### What the task requires
Would you please repeat exactly the entries below, starting at the line with "Diakonie Leipzig - hier" and ending at the line with "Deutsche Kolonien: 1899/1915, saubere", and nothing outside that range? Leave out the pictures.

### Provided entries
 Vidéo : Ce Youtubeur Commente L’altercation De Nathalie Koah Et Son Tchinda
...
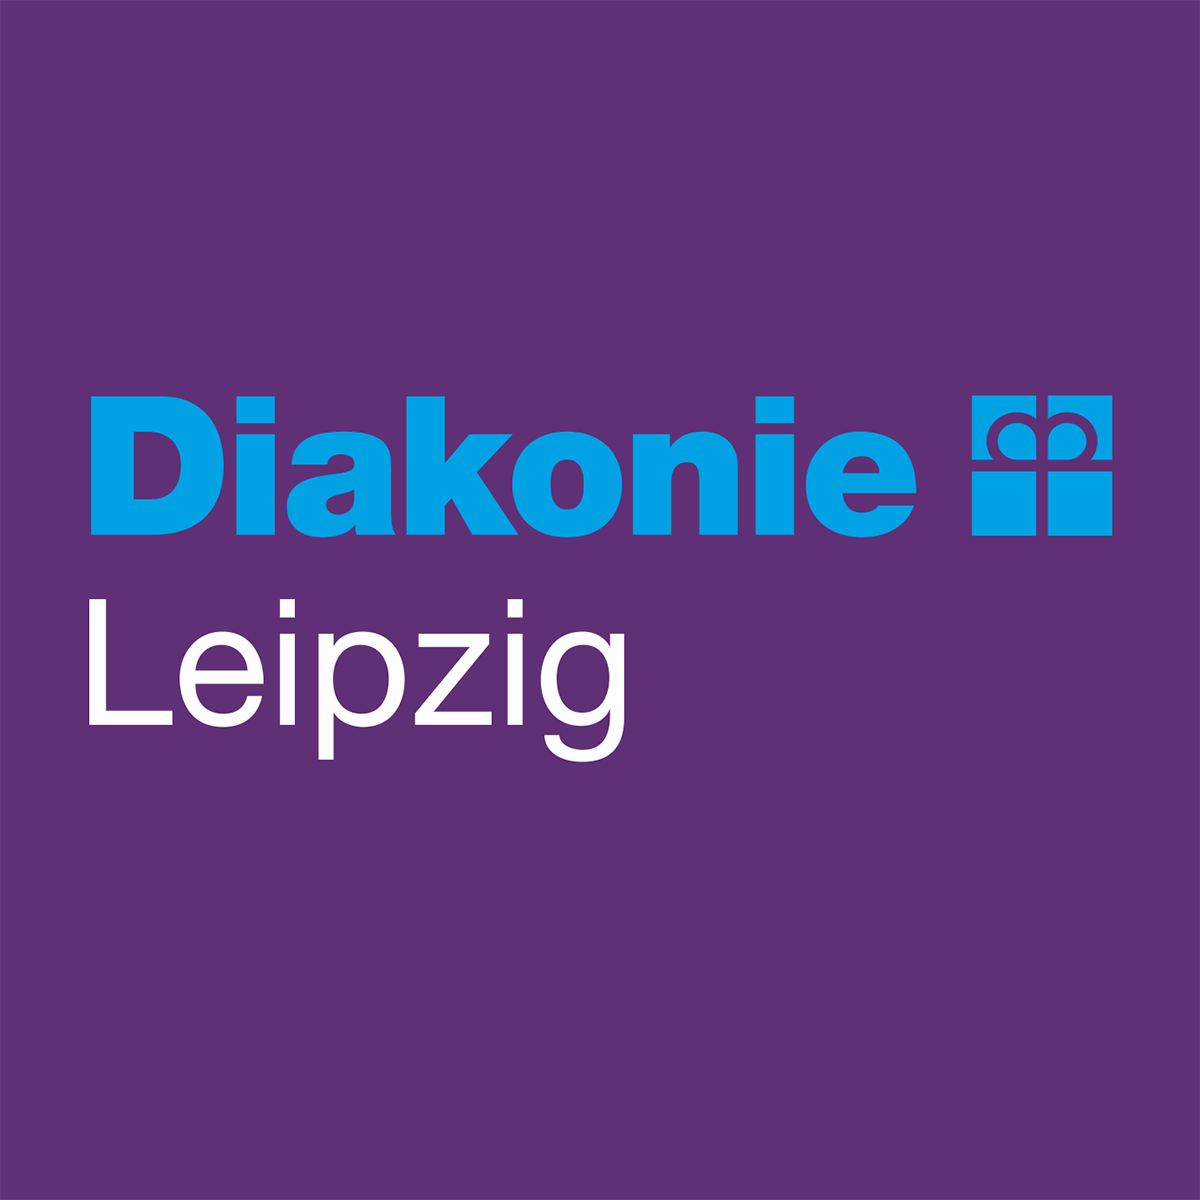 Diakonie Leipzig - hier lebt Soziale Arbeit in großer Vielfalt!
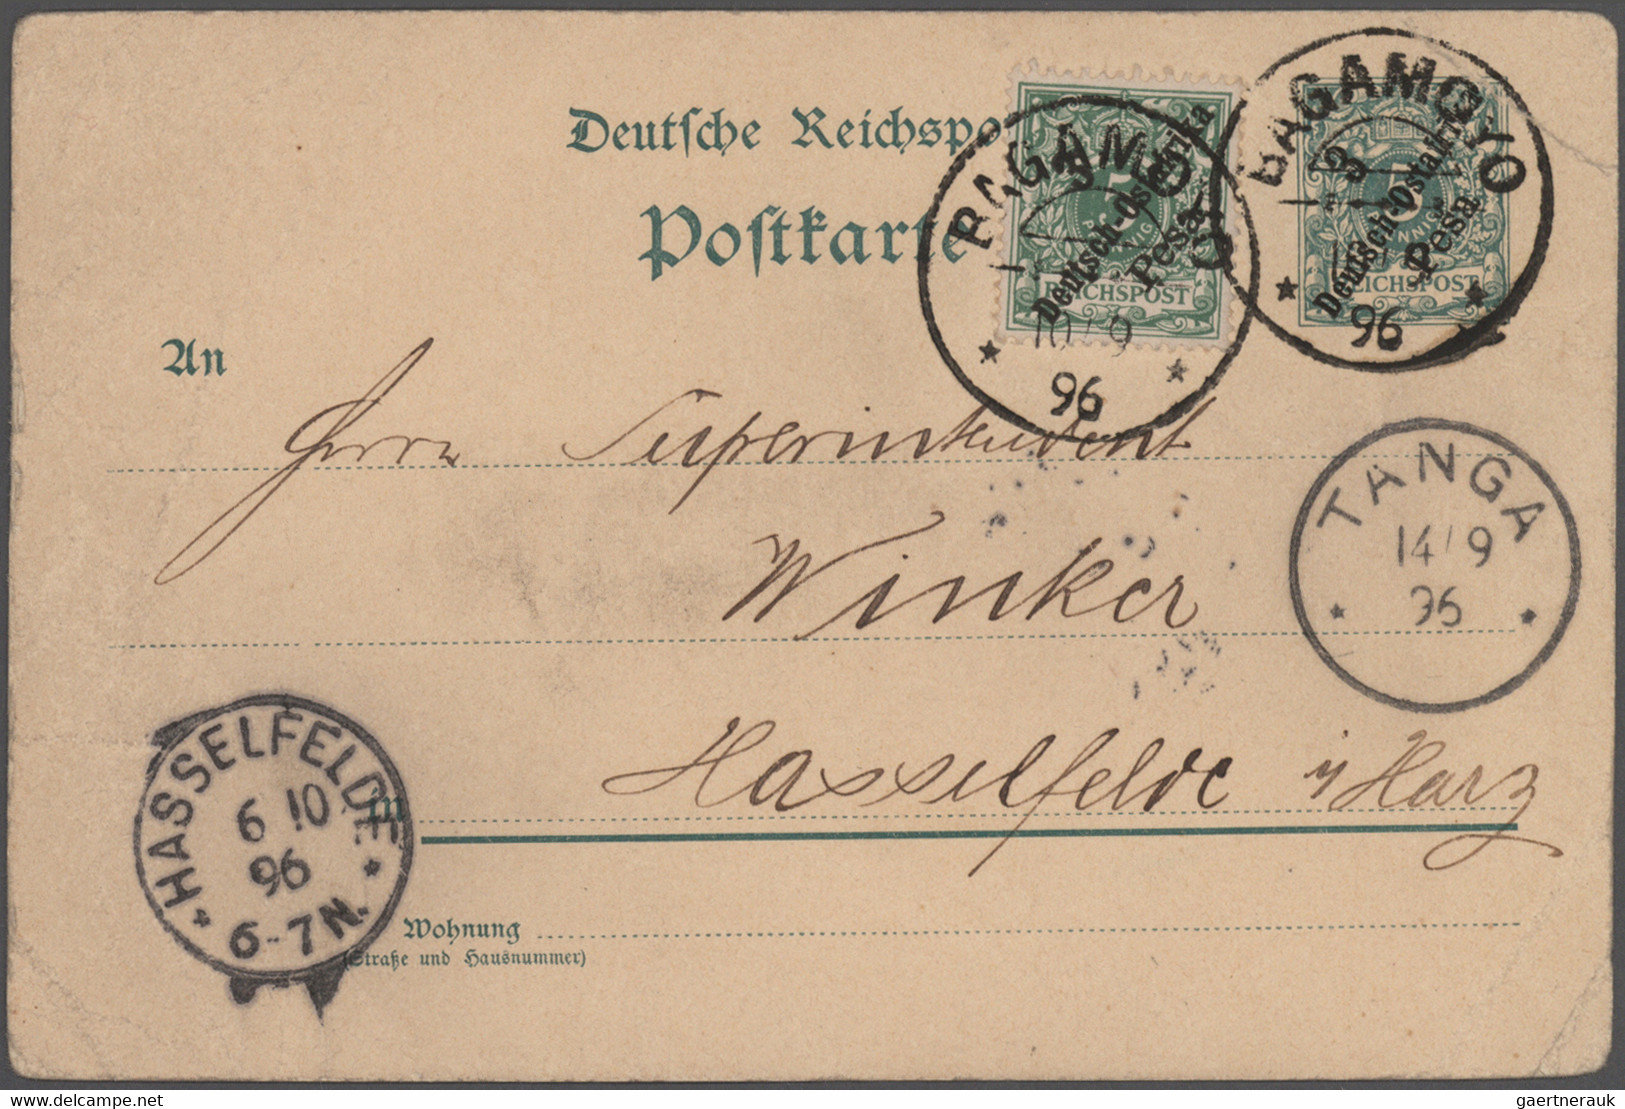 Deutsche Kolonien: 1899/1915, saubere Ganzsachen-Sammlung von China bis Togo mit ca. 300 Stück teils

### Task solution
 Diakonie Leipzig - hier lebt Soziale Arbeit in großer Vielfalt!
 Deutsche Kolonien: 1899/1915, saubere Ganzsachen-Sammlung von China bis Togo mit ca. 300 Stück teils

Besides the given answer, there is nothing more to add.